= Alexandre de Mérode =

Belgian sports executive (1934–2002)

Prince Alexandre de Merode (May 24, 1934 – November 19, 2002) was a member of the Belgian princely House of Merode and was the head of drug testing policy for the International Olympic Committee (IOC) until his death.

Merode was born in Etterbeek, Belgium.

Merode's position at the IOC was not without criticism. Following allegations of doping at the 1984 Summer Olympics, samples from suspected drug cheats were never actually tested.
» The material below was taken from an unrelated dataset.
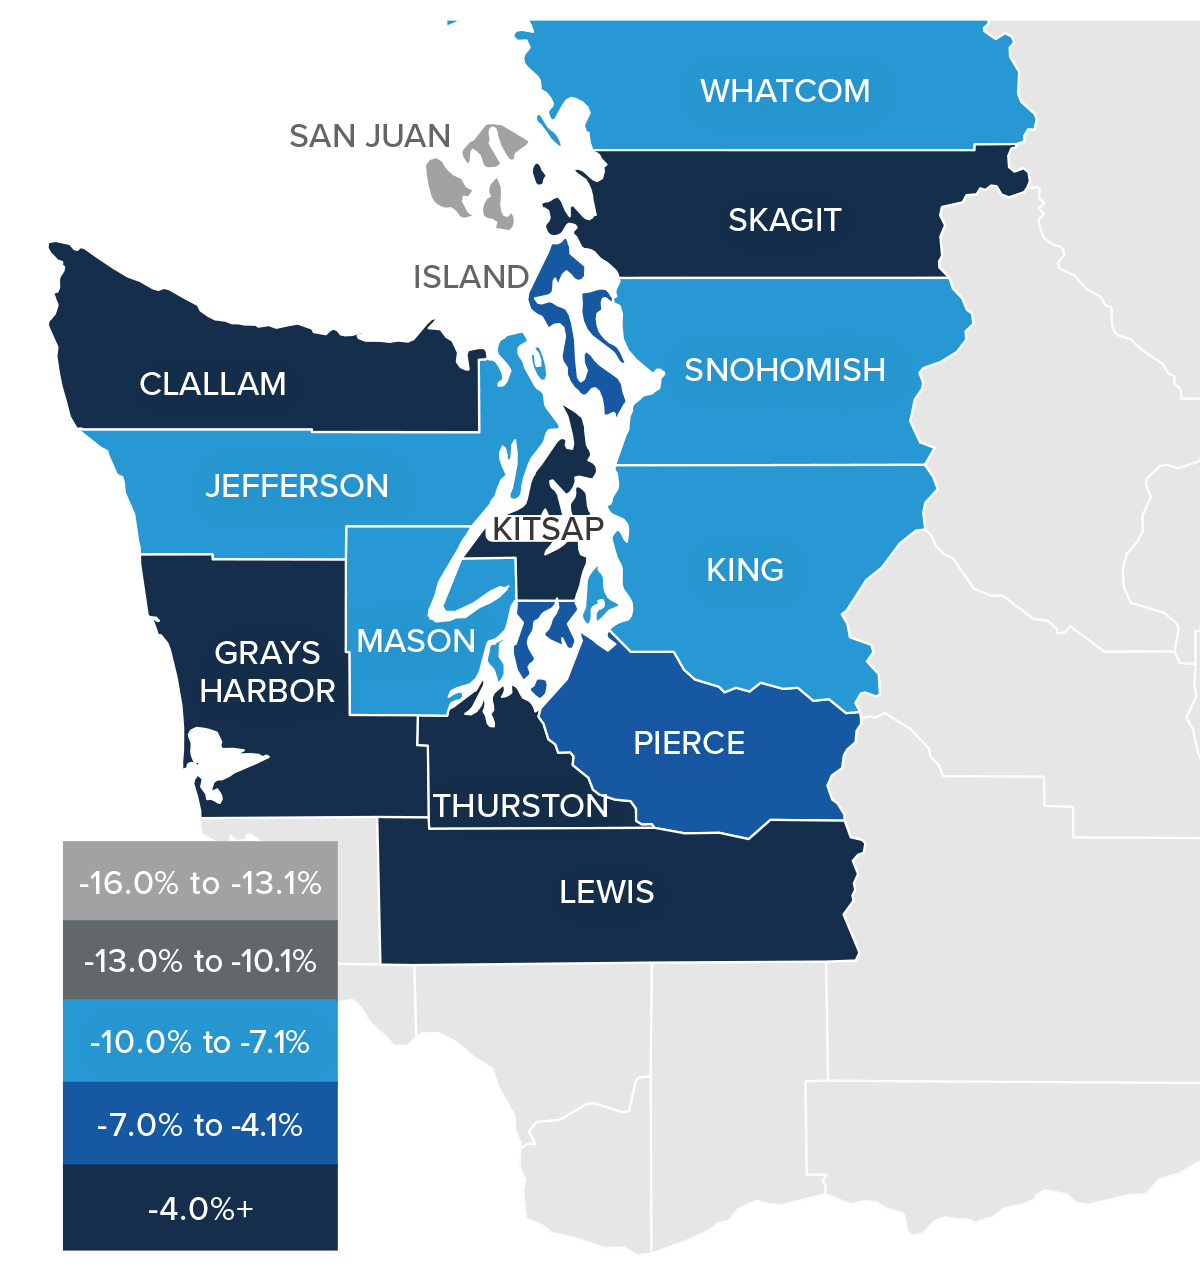 A map showing the real estate home prices percentage changes for various counties in Western Washington. Different colors correspond to different tiers of percentage change. San Juan County has a percentage change in the -16% to -13.1% range, Whatcom, Snohomish, King, Mason, and Jefferson are in the -10% to -7.1% change range, Pierce is in the -7% to -4.1% change range, and Lewis, Skagit, Clallam, Grays Harbor, Kitsap, and Thurston are in the -4%+ change range.

The prince claimed that the paperwork was accidentally discarded when the Los Angeles organizing committee converted his temporary office back into a suite immediately after the closing ceremony; however, he has been accused of deliberately destroying the evidence.

Following record-shattering performances by Chinese female swimmers in the 1990s and a doping scandal during the 1998 Tour de France, international sport created the World Anti-Doping Agency, effectively removing control of drug testing from the IOC and Merode.

In 1998, Merode backed up claims that certain athletes were using the controversial abortion doping procedure for performance-enhancing benefits; however, he did not provide any proof.

In May 2000, he tendered his resignation as head of the IOC medical commission; however, he withdrew his resignation when IOC president Juan Antonio Samaranch asked him to stay.

He died of lung cancer on November 19, 2002. He never married.